• [Source material]:
..........
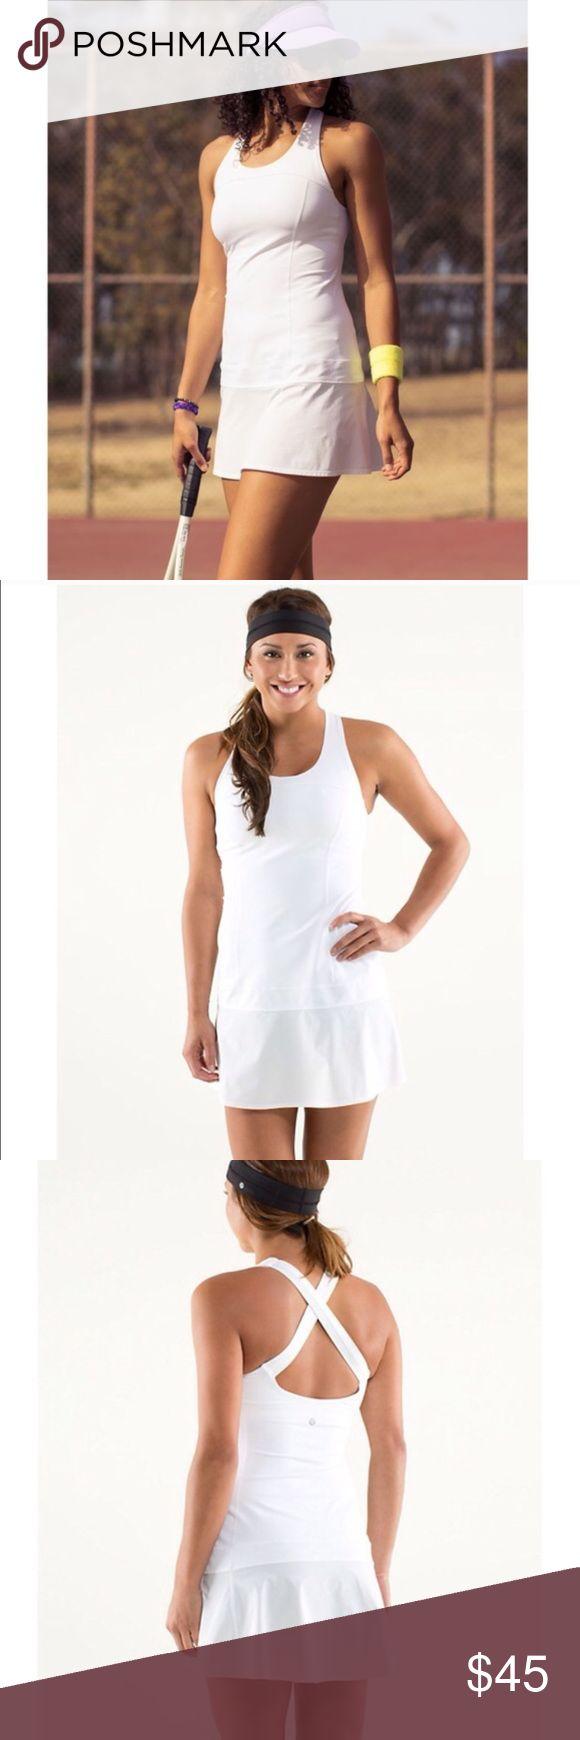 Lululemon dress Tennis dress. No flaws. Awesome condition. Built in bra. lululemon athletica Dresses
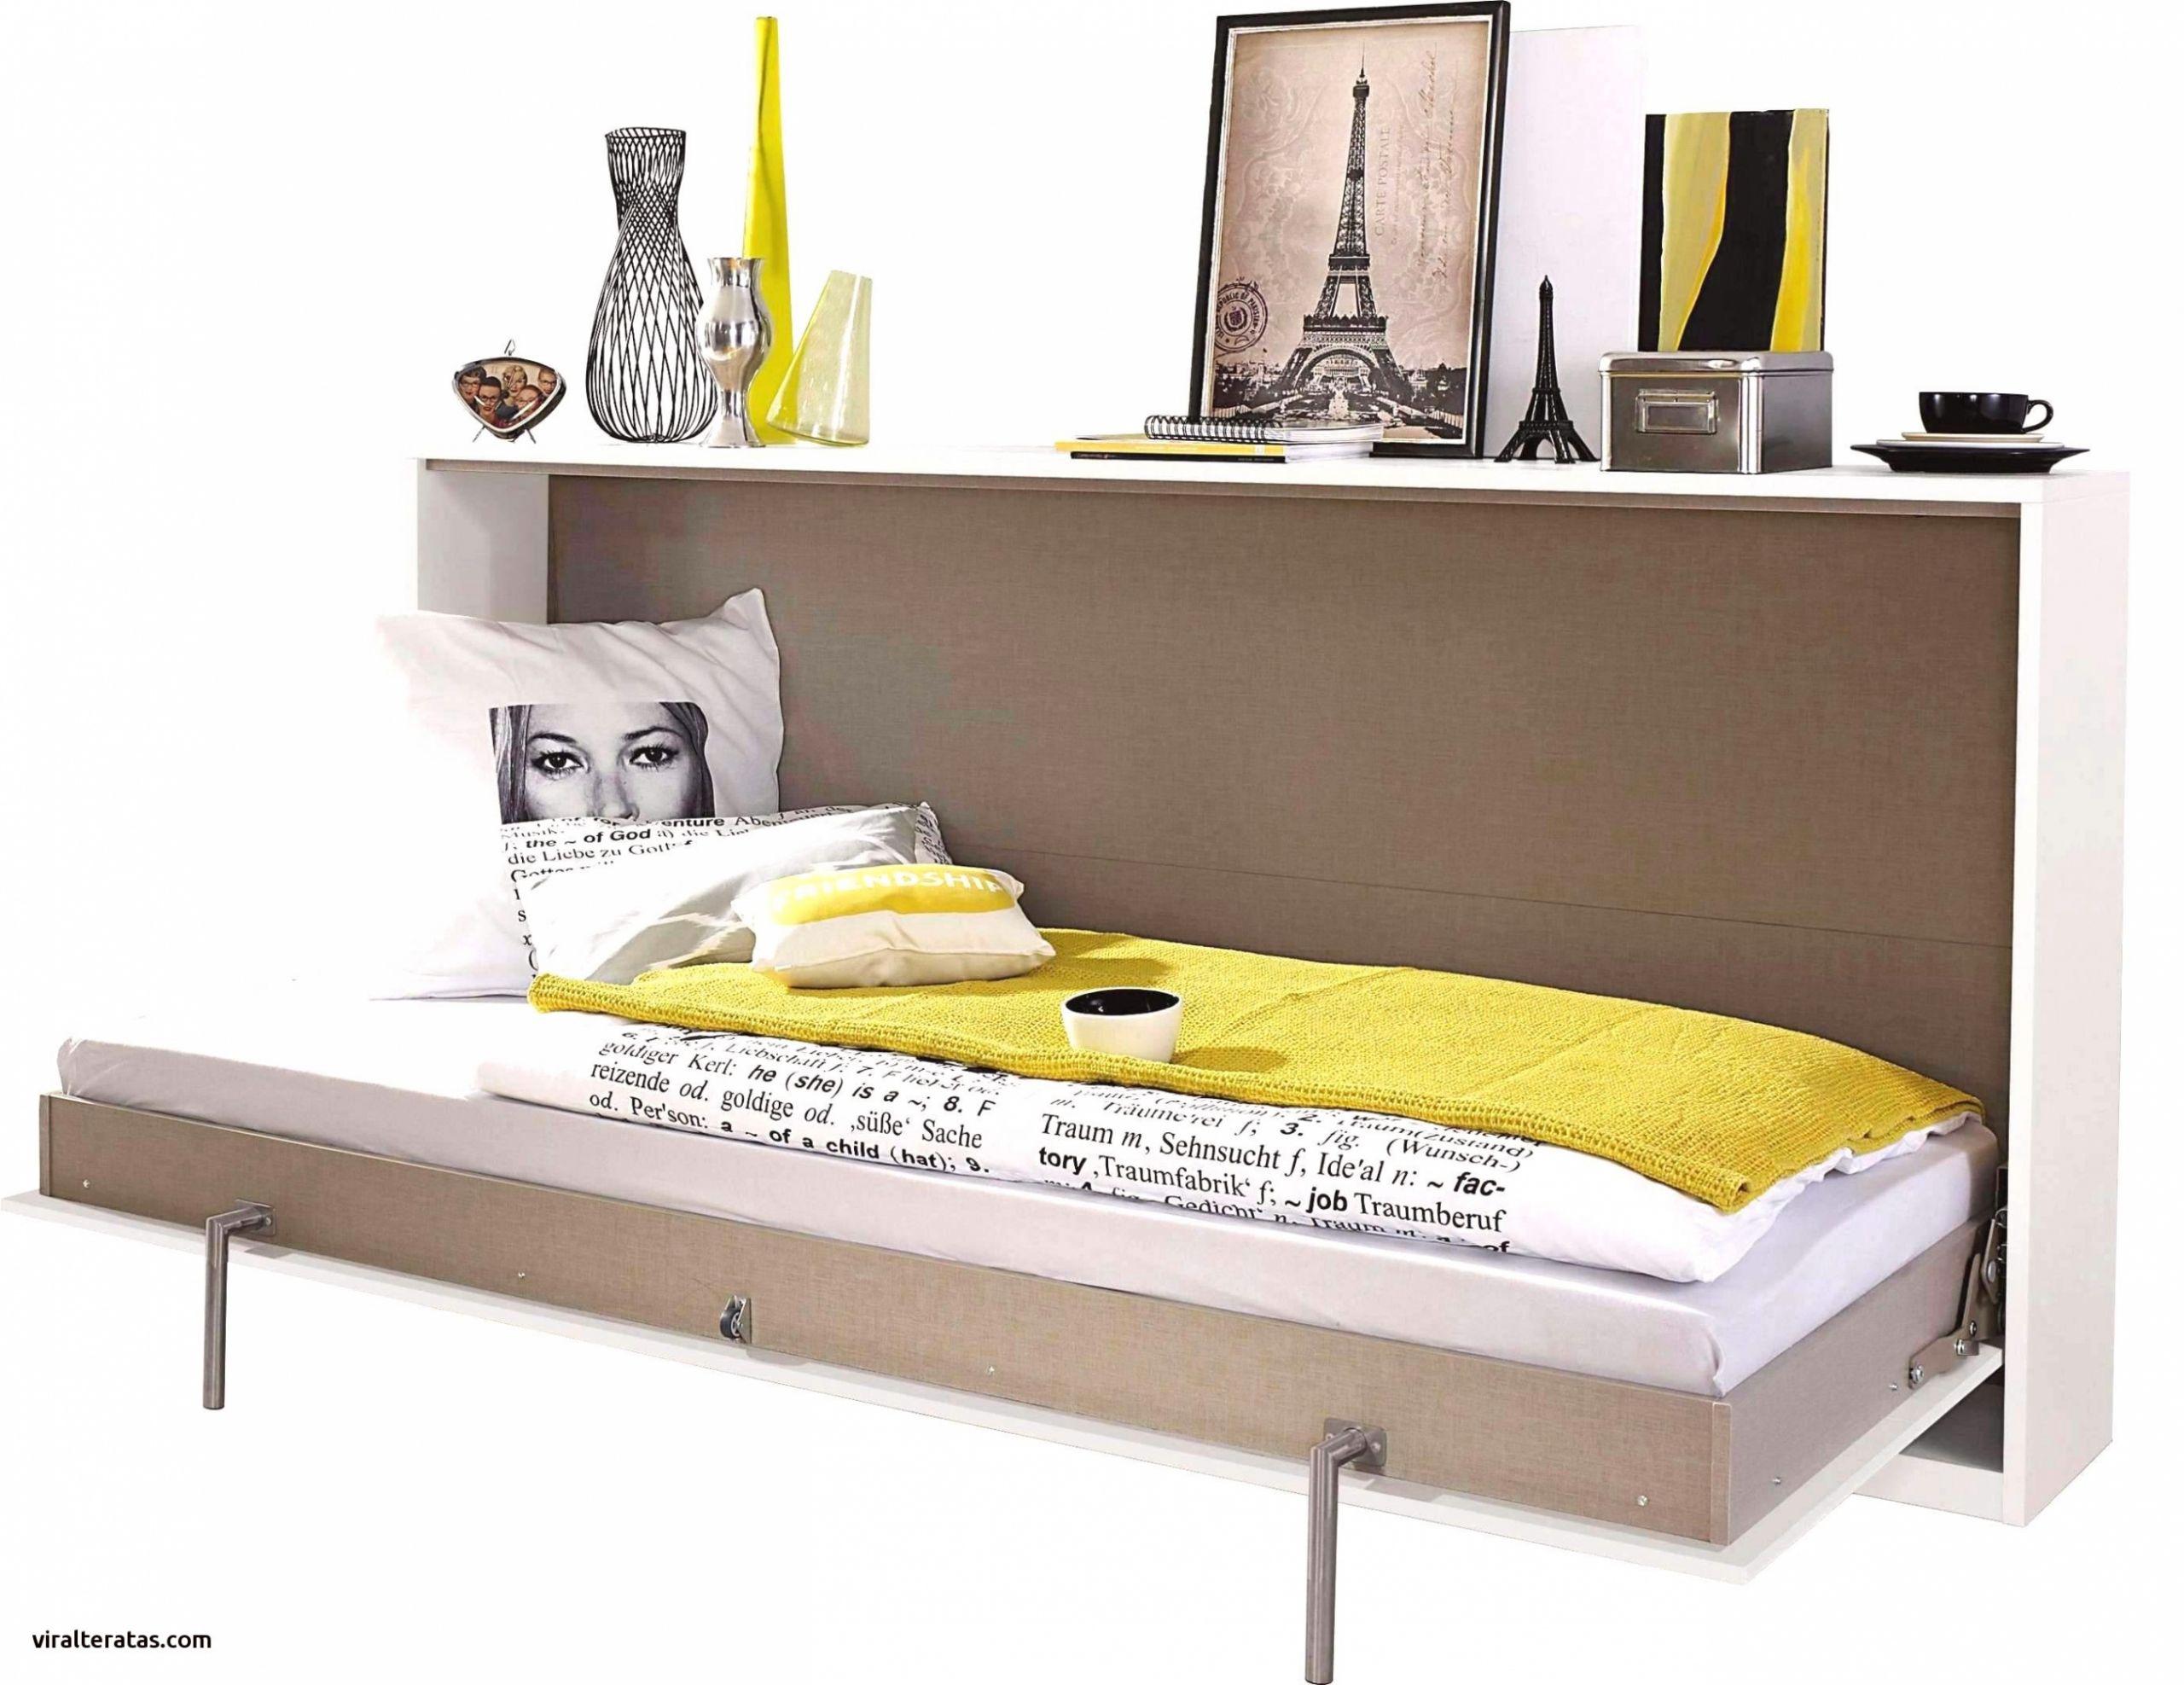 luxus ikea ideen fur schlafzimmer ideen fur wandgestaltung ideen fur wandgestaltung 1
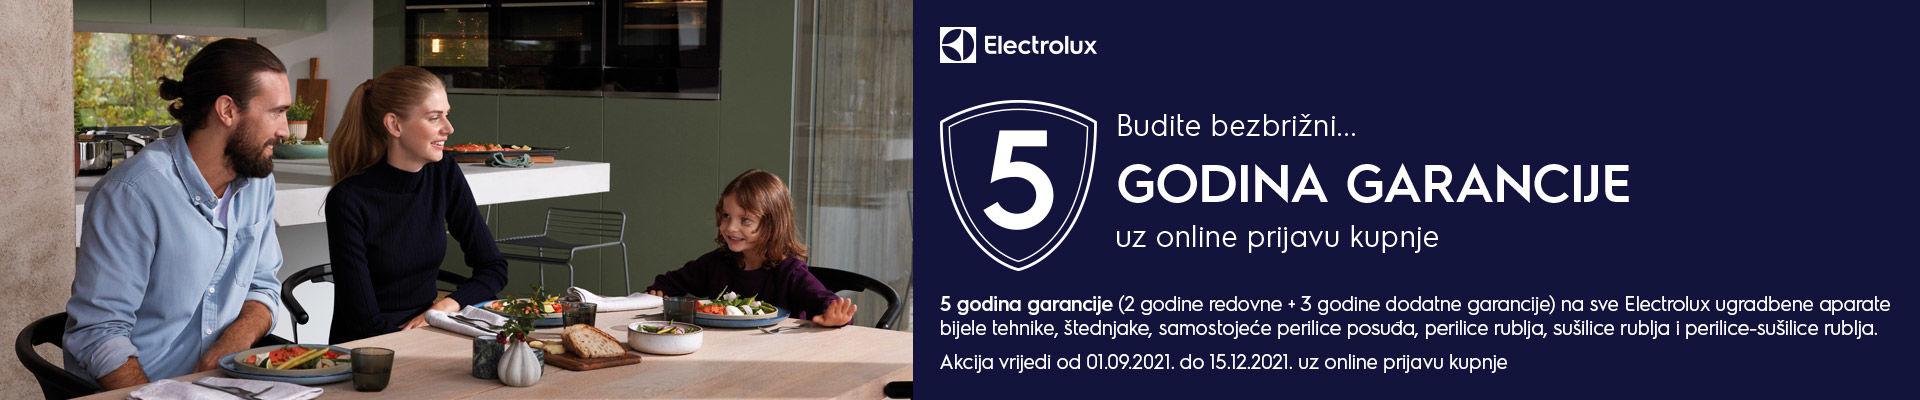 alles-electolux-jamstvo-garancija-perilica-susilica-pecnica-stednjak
..........
• [What is being asked]: Reproduce the lines above exactly, image-free.

• [Written answer]:
 Lululemon dress Tennis dress. No flaws. Awesome condition. Built in bra. lululemon athletica Dresses
 luxus ikea ideen fur schlafzimmer ideen fur wandgestaltung ideen fur wandgestaltung 1
 alles-electolux-jamstvo-garancija-perilica-susilica-pecnica-stednjak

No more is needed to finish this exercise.